There are other things that make this effort different from past attempts, supporters say. Amendment 66 was widely perceived as a top-down effort that came from Denver. It raised taxes on everyone, and it made changes to the school finance formula that created winners and losers among districts, making it hard for many school board members and superintendents to support it.

Supporters of Initiative 93 describe it as being built from the ground up over a two-year process that included lots of input from school districts across the state, as well as from advocacy organizations like the NAACP and Padres y Jóvenes Unidos. It raises taxes only on businesses and higher-income earners, who represent less than 8 percent of individual income tax returns, and while it encourages the legislature to adopt a new school finance formula, it ensures that every district will see an increase.

Skeptics see just another attempt to throw money at the problem.
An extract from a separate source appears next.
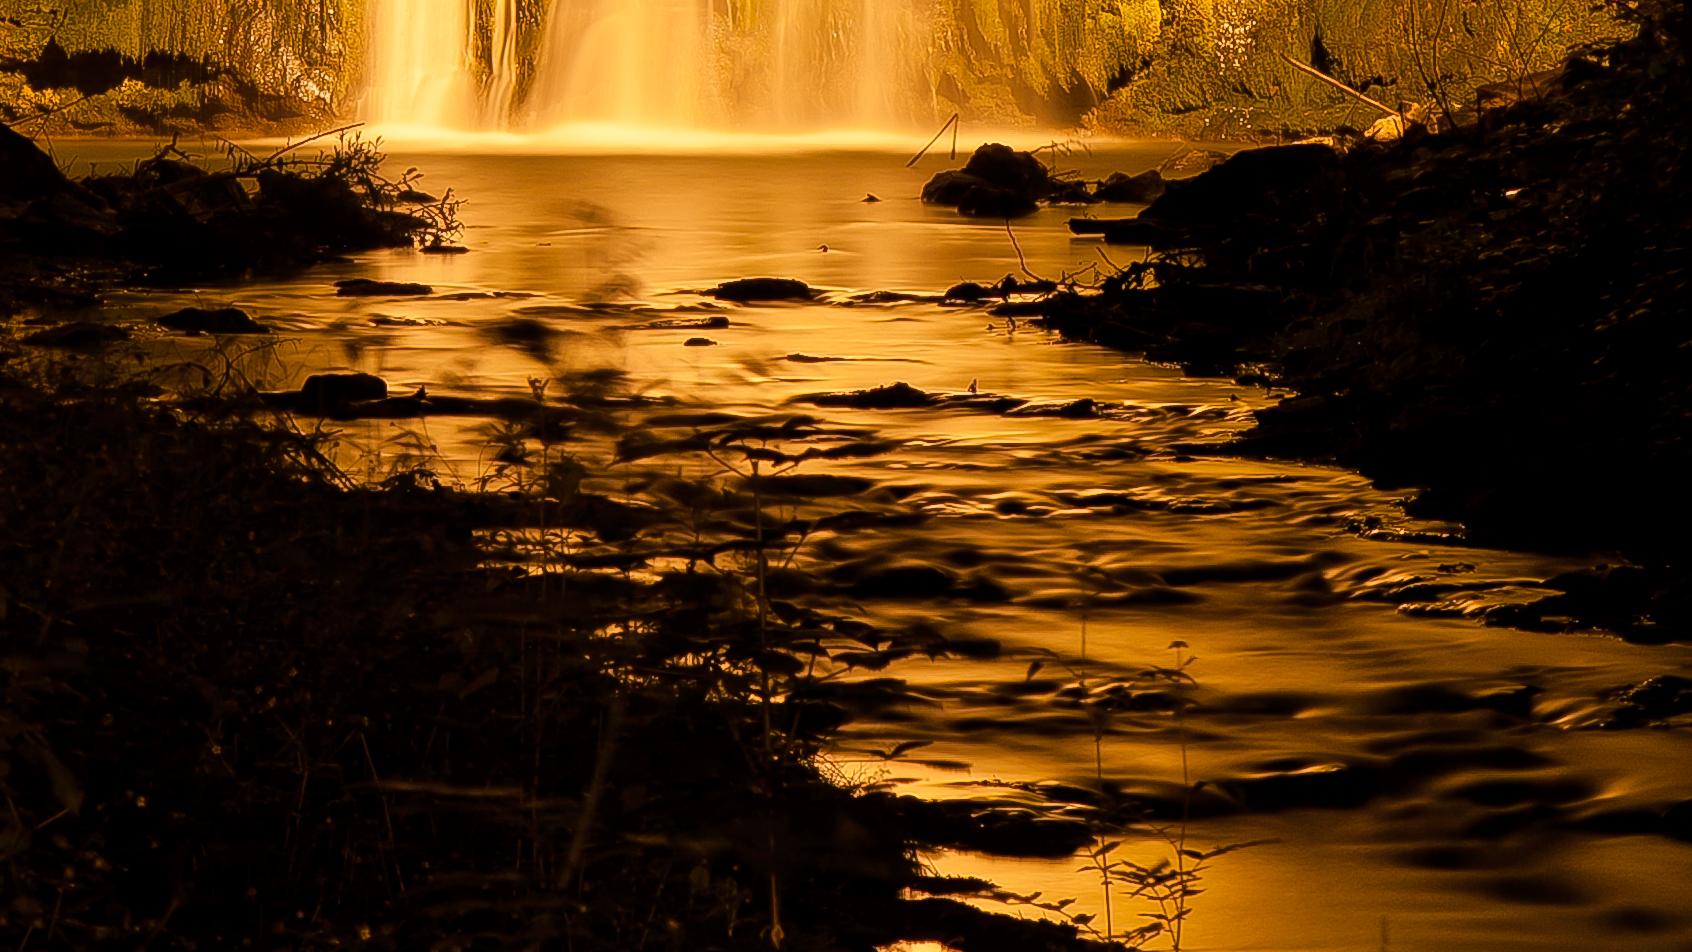 Wasserfall in Heilbad Heiligenstadt ...

“Things are different this time, and it’s that they’re asking for more money,” said Luke Ragland of the conservative education reform group Ready Colorado.

A better approach, Ragland said, would be to tie increased funding to policies that could be expected to improve educational outcomes. There’s no guarantee that this money will make it into the classroom or into teachers’ paychecks, he said.

“There are places in terms of human capital, in terms of attracting talent and keeping it in the classroom, where more money would make a difference, but not just pouring more money into the current system,” he said.

Supporters of the measure will be campaigning in a complicated political environment, possibly sharing the ballot with a major tax increase for transportation, as well as a governor’s race and legislative contests that will determine control of the state Senate, where Republicans currently hold a one-seat majority.

Candidates up and down the ballot likely will be asked to take a position on the ballot measure, layering partisan politics over a measure that supporters hope will have broad appeal.

“You start this analysis with the assumption that it’s an uphill battle because we don’t really pass statewide tax increases, while schools pass lots of local taxes and bond measures,” said political consultant and pollster Floyd Ciruli. “The difference is trust. At the statewide level, people don’t trust that the money will go to benefit their local schools.”

Ciruli sees advantages, though, to asking voters in a mid-term election. Turnout will be higher than in an off-year, when older, more conservative voters tend to dominate, and even-year voters are more likely to have Democratic tendencies and be more open to taxes.

The contentious Democratic primary, which focused on education, also “primed” voters to see low funding as a key problem for schools, he said.

“The environment is pro-education,” Ciruli said. That places the tax measure “in the ballpark, but it’s still a challenge to do a statewide tax increase.”

Lisa Weil, executive director of Great Education Colorado, said the organizations working on the measure decided not to worry too much about “conventional wisdom” and move forward until they saw a compelling reason not to put something on the ballot.

“We’re not naive about the fact that we’re in a political environment, but we’re also creating that political environment,” she said. “Our entire state has a hunger to do right by kids.”